This frees us up to, one, develop our applications more rapidly, but two, to change those applications, even for our customers in production, without having to take the system down and make structural changes to the underlying database.

So, our two new approaches really reduce the coding you do up in the object layer. We try to define the application more as metadata and reduce the complexity of the relational model that you have.

Leveraging modern architectures

Gardner: So, we’ve recognized some of the handicaps of some of the older approaches, recognized the new set of requirements for the modern day, understood that SOA principles can be applied here quite advantageously, and recognized that rich Internet application interfaces are the way to go when the browser is the ultimate client target. Without getting into too much more detail, we've certainly established some improvement in modernization around the architecture. Let's get into a little bit of what that does for you.

We talked in general terms about agility, but there are some interesting add-ons here -- things that you couldn’t have gotten otherwise in terms of benefits. We're not just re-paving cow paths in terms of delivering applications and services. We're actually now able to do interesting things around BI, around scale and customization, and around different services federated to different users, but with more commonality under the hood. That brings more total cost reduction for the end user.

Let's get into what these modern architectures do not only for you in terms of cutting your costs, but advantageously creating new business benefits for your customers.

Swete: When you combine the architecture we talked about with the SaaS delivery model, you get some of these benefit categories. We get benefits in all the categories that you just mentioned, and you're absolutely right. Our view is that it's equal opportunity. There are definitely benefits for the customers that we're serving and, frankly, we think that in the approach there are tons of benefits for us, as a vendor, to take cost out of what we're doing and pass those savings on to our customers.

You named a lot of categories, so let me let me start with one area, which is the benefits we get out of doing more about integration. With an architecture that really facilitates integration and especially, if you combine that architecture with a cloud-based approach or delivery of SaaS, you get what we at Workday call "hosted integration" or "integration on demand."

We use our embedded ESB to do exactly what you just said. We take the ESB and package up integration so that it can be reused across a wide set of customers. The best example of packaged integration within what we call the "Workday Integration Network" is our benefits carrier network.

Here's a solution where Workday has used Web services to tie our HCM solution to a variety of benefits carriers and we offer customers the ability to sign up for this network. They would pay us for the use of the network just as they would pay us for any of other business service that we deliver. What we're able to do is offload the need for them to convey their benefits data out to the carrier and to get information back from the carrier into their human resource system.

This has been a very popular option for most of our customers, because most of our customers are large enough to have multiple carriers. All of the carriers inconveniently have multiple data formats, and the formats are always changing, and the mapping and testing of data access of those formats is always a cost. So, we're able to lift that off of them and just give them a service, which is a tie of all of the carriers they select into the Workday benefit system.

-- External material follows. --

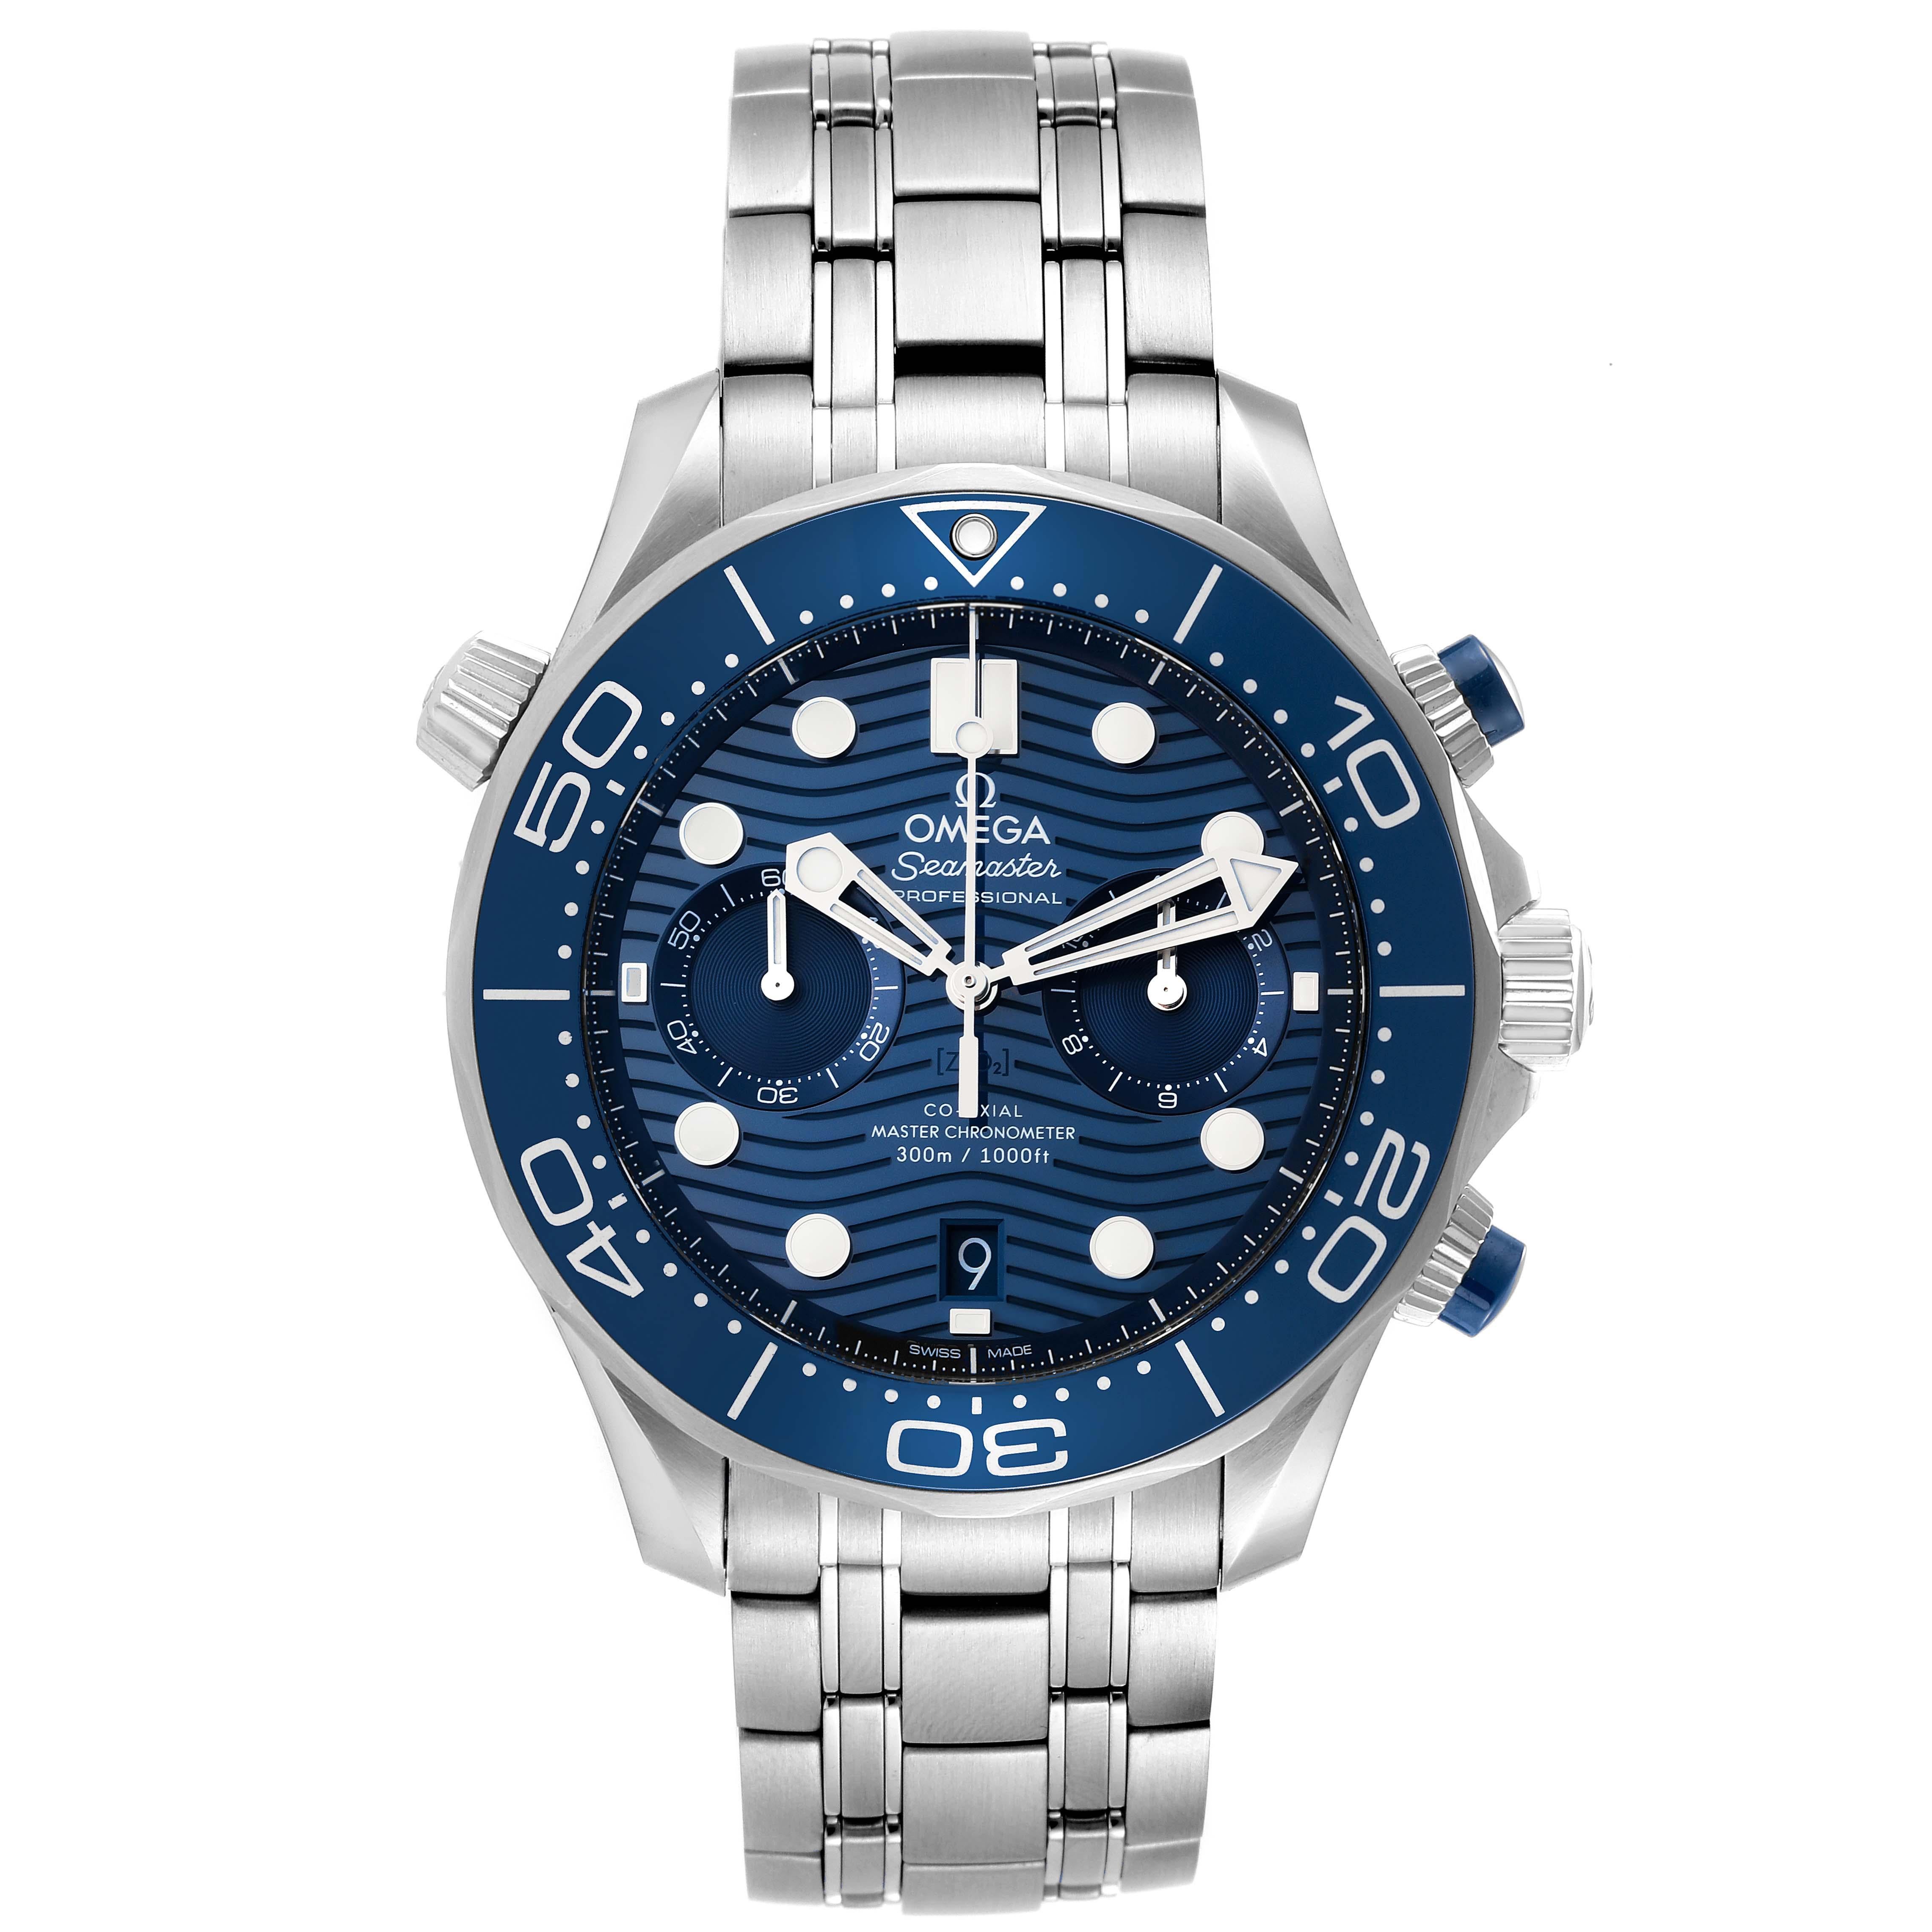 Omega Seamaster 44 Chronograph Steel Mens Watch 210.30.44.51.03.001 Box Card. Automatic Self-winding chronograph movement with column wheel and Co-Axial escapement. Certified Master Chronometer, approved by METAS, resistant to magnetic fields

Gardner: Stan, one of the interesting things about cloud and this whole notion of centralizing allows for different things to be done with data. Now, the data is often in little nooks and crannies, in different formats and inside of different architectures. But, as we centralize the architecture, we're also getting more access to different types of data. In doing so, we can do joins, overlays, and comparisons in ways that hadn't been done before at a scale that hadn't been possible, at least at an acceptable price.

Let's get into this notion of BI. What can your architecture bring to the table, and what can your clients start to do in terms of gaining insights into what's going on inside their companies, but just as importantly, in conjunction with their business processes and extended business processes.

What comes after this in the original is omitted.